First, Vandy fans should all be grateful the Commodores had a good enough season that anyone would want to steal away their head man. (No one wanted to do that the last three years, and having a coach in demand sho 'nuff beats having your coach on the hot seat.)

Second, be eternally grateful Vandy does not have to go shopping for a new coach in July... in the middle of the recruiting evaluation period, no less. There could hardly have been a worse time.

Third, be glad that Stallings handled the episode with forthrightness. While Matta was roundly criticized by the national press for backtracking after his early "denials" of interest, Stallings, though he never commented on the matter, came out looking good.

Lastly, Commodore fans, thank your lucky stars for an administration that makes its coaches feel wanted and needed. As he had done in the Tim Corbin situation two weeks earlier, Williams acted quickly and proactively to let it be known that Vandy was willing to fight if necessary to retain Stallings.

In his only statement to the press and to the fans, Stallings thanked the administration for its "patience, understanding and support," and referred to his decision process as "a very personal, private and family matter." The letter accompanying the release made it very clear that Stallings would not be taking questions regarding this curious chapter of his tenure.

Stallings is an interesting character study. In a roomful of reporters, he can be witty, engaging, as well as candid and forthcoming. Though perhaps not a natural in the public eye, he is generally cooperative, good-natured and helpful to those who seek his time. He understands well what the press needs, and generally he gives it to them.

Yet on certain matters, usually regarding internal team affairs and his family, he reserves the right to close the curtain and withdraw from the cameras and public curiosity. Clearly, this was one of those times. Hopefully, that's something that Commodore fans can identify with and understand.

Williams said Thursday on the radio that Stallings and Vandy were close to signing a new agreement that would keep him on board more permanently. (Surely, he's no worse a coach now than he was the week before, when Williams was saying all those nice things about him?) With his status at Vanderbilt solidified, both he and the basketball program could emerge from this even stronger.

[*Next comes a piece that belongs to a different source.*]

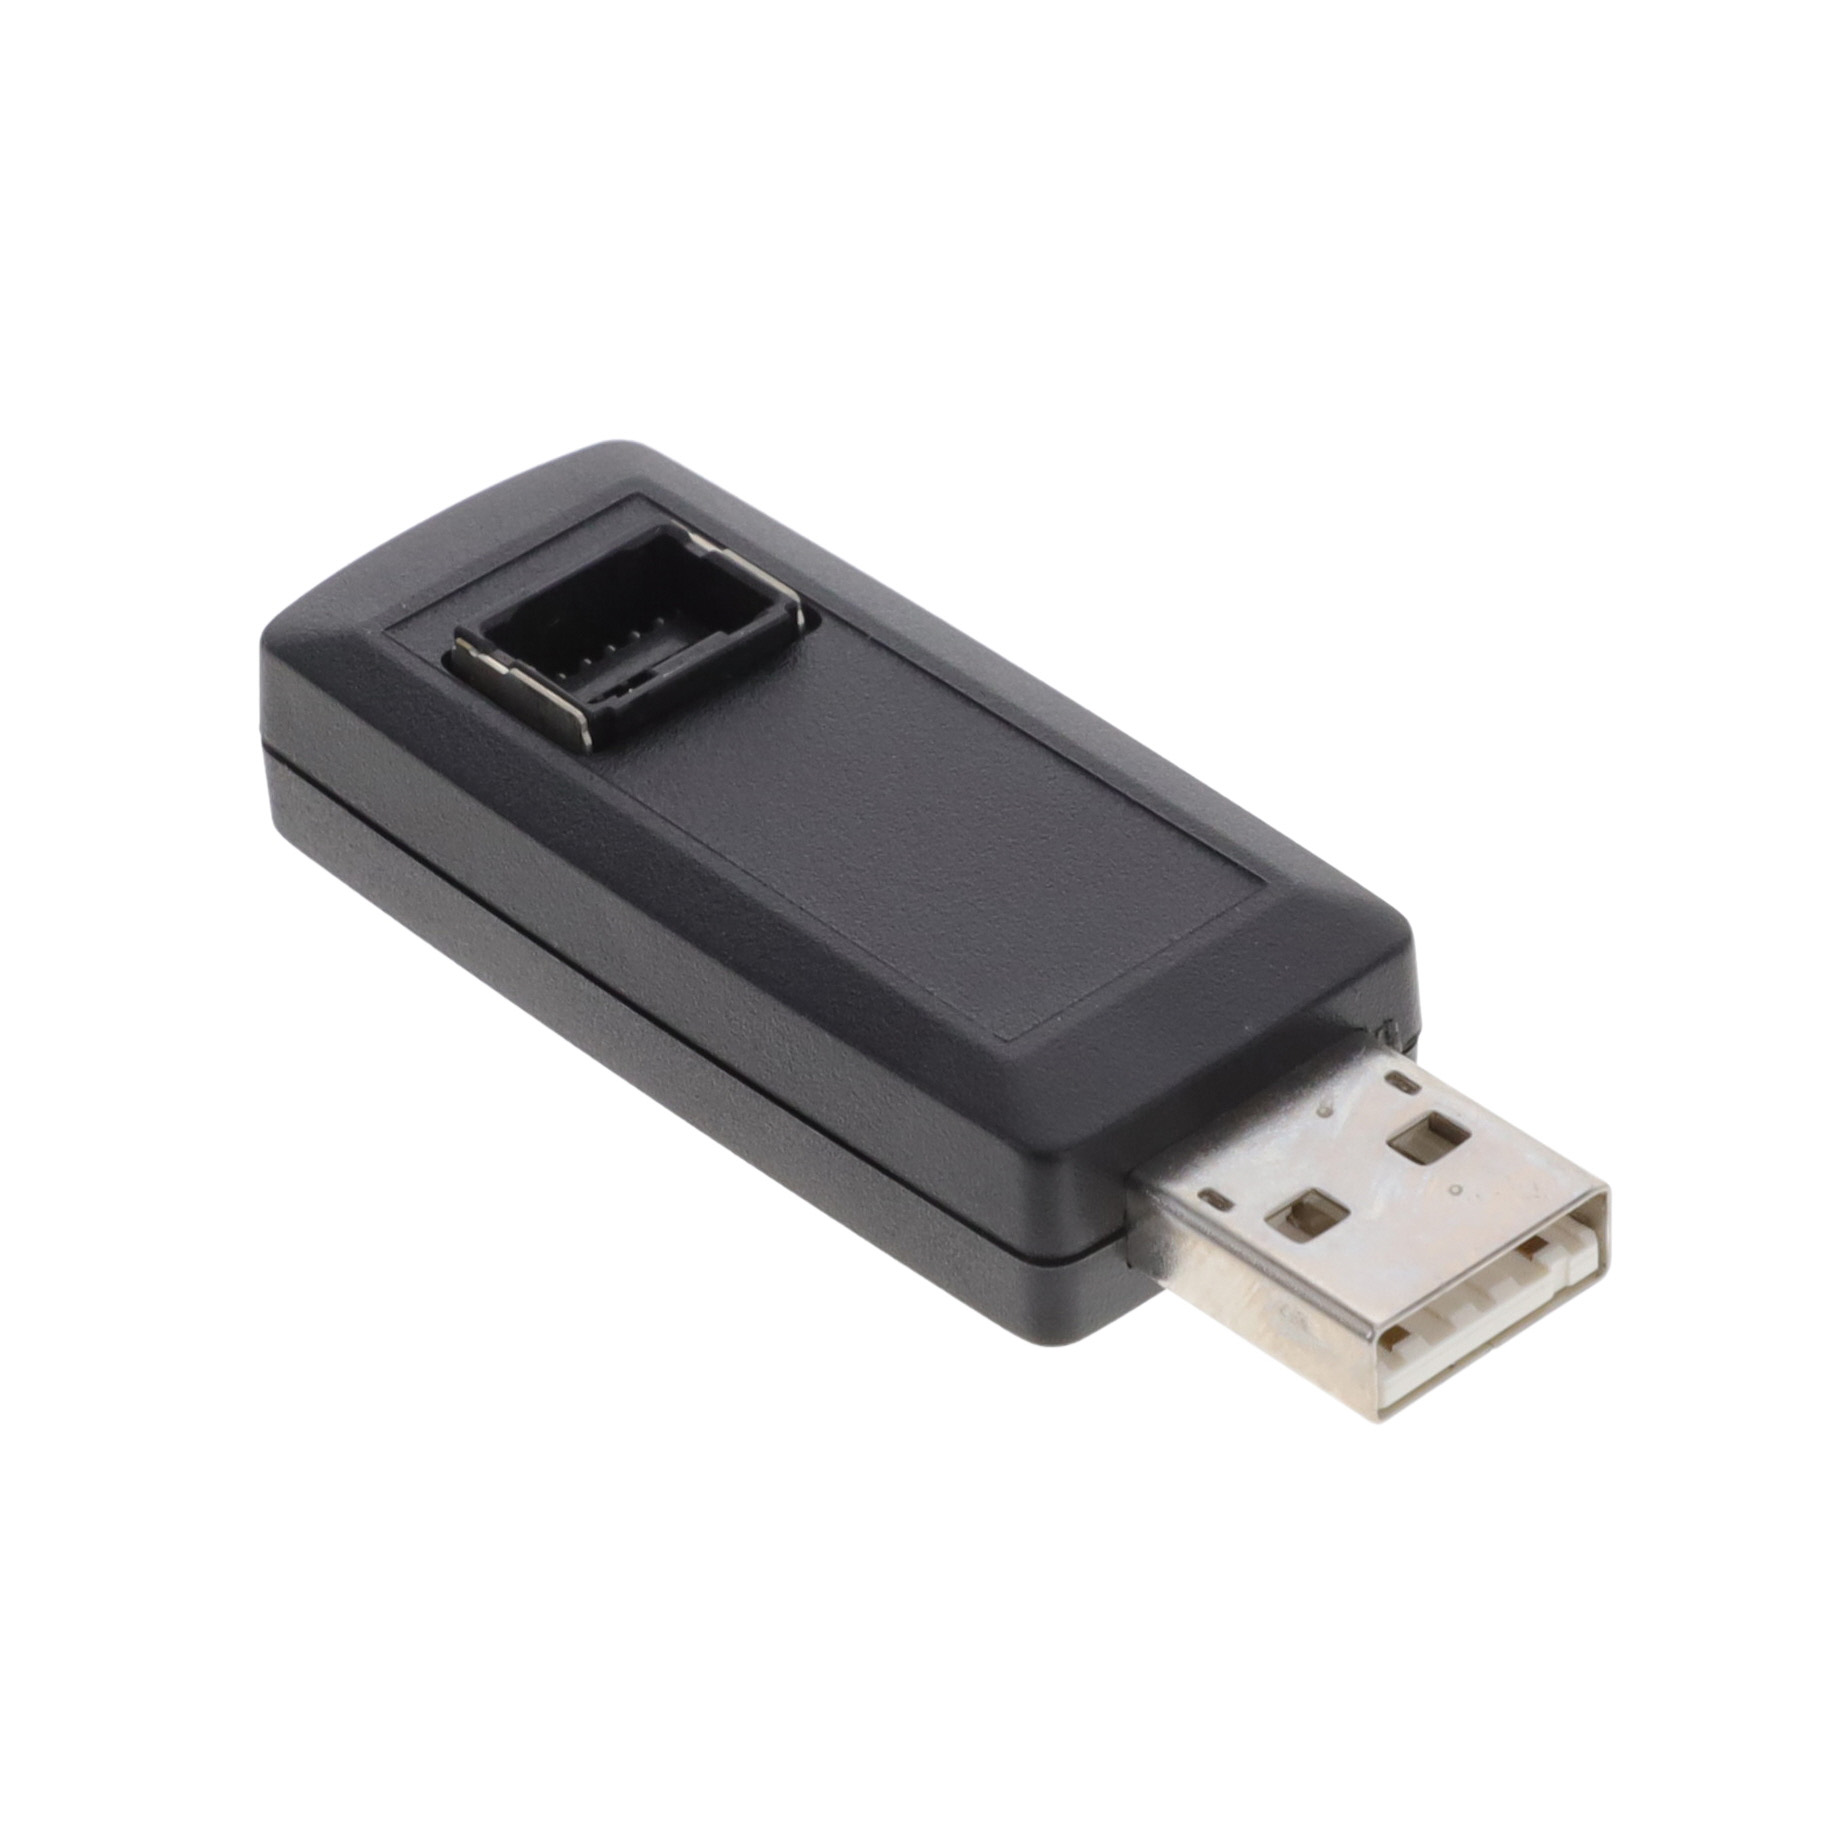 【CA-USB-CONV】USB CONVERTER FOR CA-MP-MTI-12

In the end, he's still Vandy's coach. And for loyal Memorial Maniacs, that's really all that should "Matta." (Sorry, couldn't resist.)


When a sitting coach decides to pursue another job opportunity, it may not be a good thing for the school... but it's absolutely great for Internet message boards. July is normally the deadest month of the year, but last week traffic on the VandyMania men's basketball board was up over 1000% of normal.

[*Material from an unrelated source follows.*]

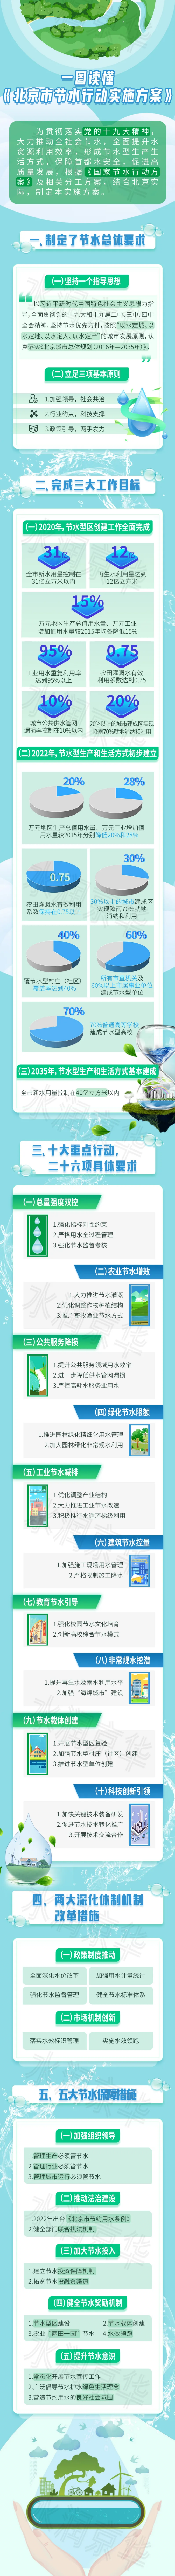 一图读懂《北京市节水行动实施方案》.png

Which ex-Vanderbilt star was better... Matt Freije or Dan Langhi? It's been the topic of several good message board threads down through the years. Though similar in style and physique, the two Commodore stars never played on the same team (Langhi graduated the year before Freije arrived), and before Saturday had never faced each other.

On Saturday, the two former Commodores finally met up in Orlando in a Pepsi Pro Summer League game, with both players trying to impress their respective team's top brass. Freije, an as-yet unsigned draftee of the Miami Heat, faced a team of Cleveland Cavaliers that included Langhi, who is now a four-year NBA veteran. It was the last in a series of games that essentially served as auditions for players trying to secure roster spots.

And both did quite nicely, thank you. Freije, who had not scored more than ten points in any of the four previous games, put up a team-high 25 points (on 8-of-12 from the field) and was named Star of the Game. Not to be outdone, Langhi also poured in 25 points on 9-of-14 shooting to lead the Cavaliers in a 94-89 loss. It was easily the best performance of the week for both players.

Too bad the games were closed to the public... a lot of us Vandy fans would have paid good money to see that last one.


In Sacramento on Saturday, Vandy's Josie Hahn's dream of making the Olympic team ended, as the Clinton, Tenn. native finished 20th overall in the heptathlon. Former Vandy hurdler Ryan Tolbert-Jackson missed out as well, finishing 11th overall in the 400-meter hurdles.